L’essentiel en bref
- L’appréciation de l’incapacité de discernement et de l’incapacité d’exercer les droits civils dépend toujours de la situation concrète. Une incapacité générale d’exercer les droits civils n’existe que dans des cas graves.
- Il est recommandé de régler le pouvoir de représentation dans le cadre de directives anticipées du patient (représentation pour les questions médicales) ou dans le cadre d’un mandat pour cause d’inaptitude (représentation pour les autres domaines de la vie).
- Si une personne n’a pas réglé sa représentation dans un mandat pour cause d’inaptitude, la représentation revient en principe à son conjoint/sa conjointe. L’étendue de la représentation est toutefois limitée et, en cas de doute, il convient de contacter l’autorité de protection de l’adulte et de l’enfant (APEA).
- En ce qui concerne les questions médicales, la loi définit l’ordre des personnes habilitées à représenter le patient en l’absence de directives anticipées.
- La protection de la personne incapable de discernement constitue l’une des fonctions de l’APEA, raison pour laquelle elle contrôle le représentant (choisi). En outre, elle peut, si nécessaire, instituer elle-même des curatelles et désigner ainsi des personnes habilitées à représenter la personne incapable de discernement.
Que signifient l’incapacité d’exercer les droits civils et l’incapacité de discernement ?
Exercice des droits civils
L’exercice des droits civils est la faculté de créer des droits et des obligations par des actes. Par exemple, une personne peut acheter un téléviseur dans un magasin d’électronique (conclusion d’un contrat de vente) et s’obliger ainsi à payer le prix de vente. Si un acte est conclu en dépit de l’absence d’exercice des droits civils, il n’est pas valable et la personne privée de l’exercice des droits civils n’est pas obligée par cet acte. Pour qu’une personne ait le plein exercice des droits civils, deux conditions doivent être remplies : elle doit être majeure et capable de discernement.

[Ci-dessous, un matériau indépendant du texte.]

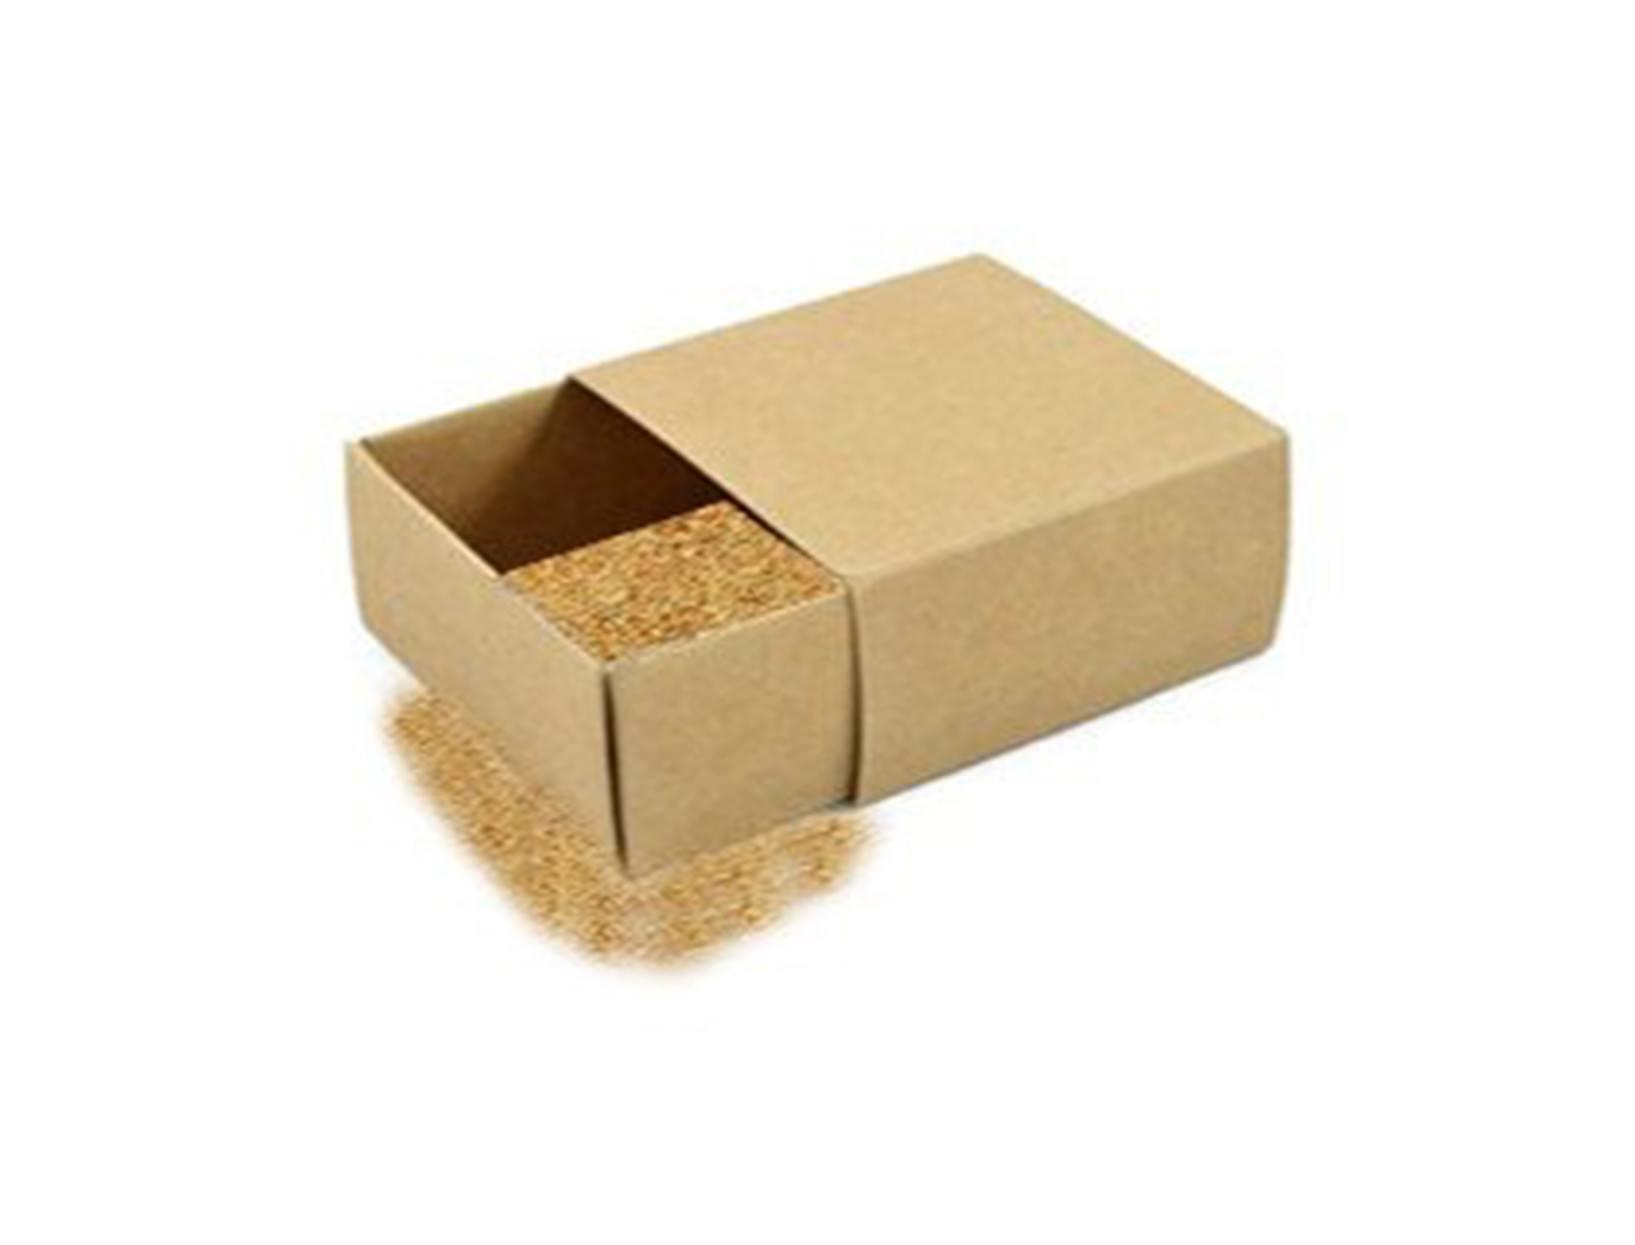 Annoying box of sand

Les personnes mineures n’ont jamais le plein exercice des droits civils. Pour conclure des affaires, l’accord des représentants légaux – il s’agit normalement les parents – est en principe nécessaire. Il existe toutefois des exceptions à cette règle : une personne mineure qui n’a pas le plein exercice des droits civils peut ainsi régler les affaires mineures se rapportant à sa vie quotidienne (p. ex. les achats quotidiens). Il convient en outre de relever qu’une représentation par les parents n’est pas possible pour l’exercice des droits strictement personnels tels que le mariage ou la rédaction d’un testament. Par conséquent, le mineur capable de discernement doit attendre sa majorité pour pouvoir exercer ces droits.

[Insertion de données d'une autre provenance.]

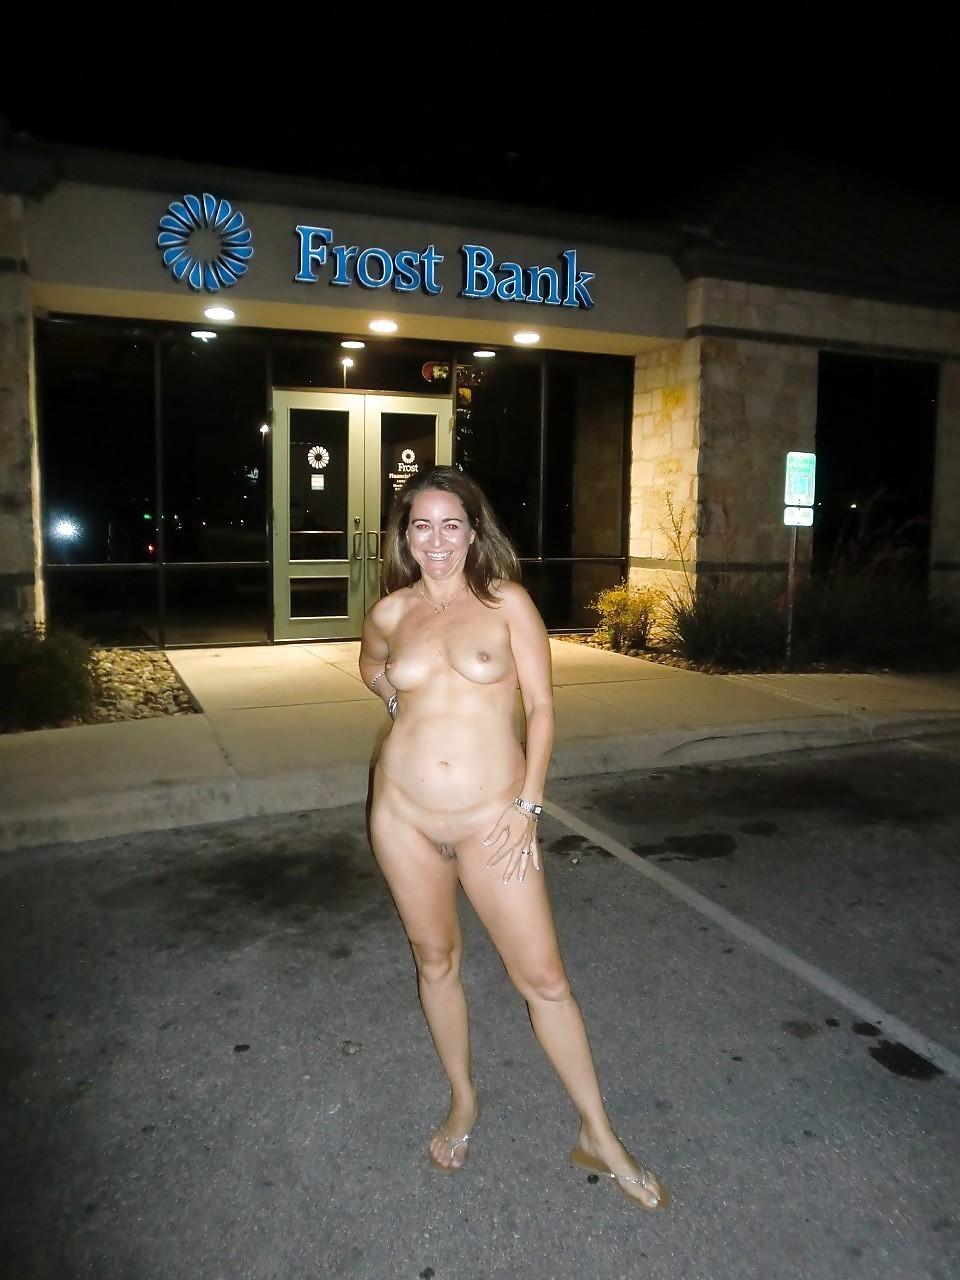 Porn swinging couples naked swinging couples exhibitionist naked public sex wifebucket nude

En d’autres termes, une personne mineure n’a en principe pas l’exercice des droits civils et a besoin de l’accord de ses parents par exemple pour conclure un achat important. Cependant, en fonction de l’acte, une personne mineure capable de discernement dispose exceptionnellement d’un exercice des droits civiles limité, raison pour laquelle même une personne mineure peut effectuer valablement de petits achats.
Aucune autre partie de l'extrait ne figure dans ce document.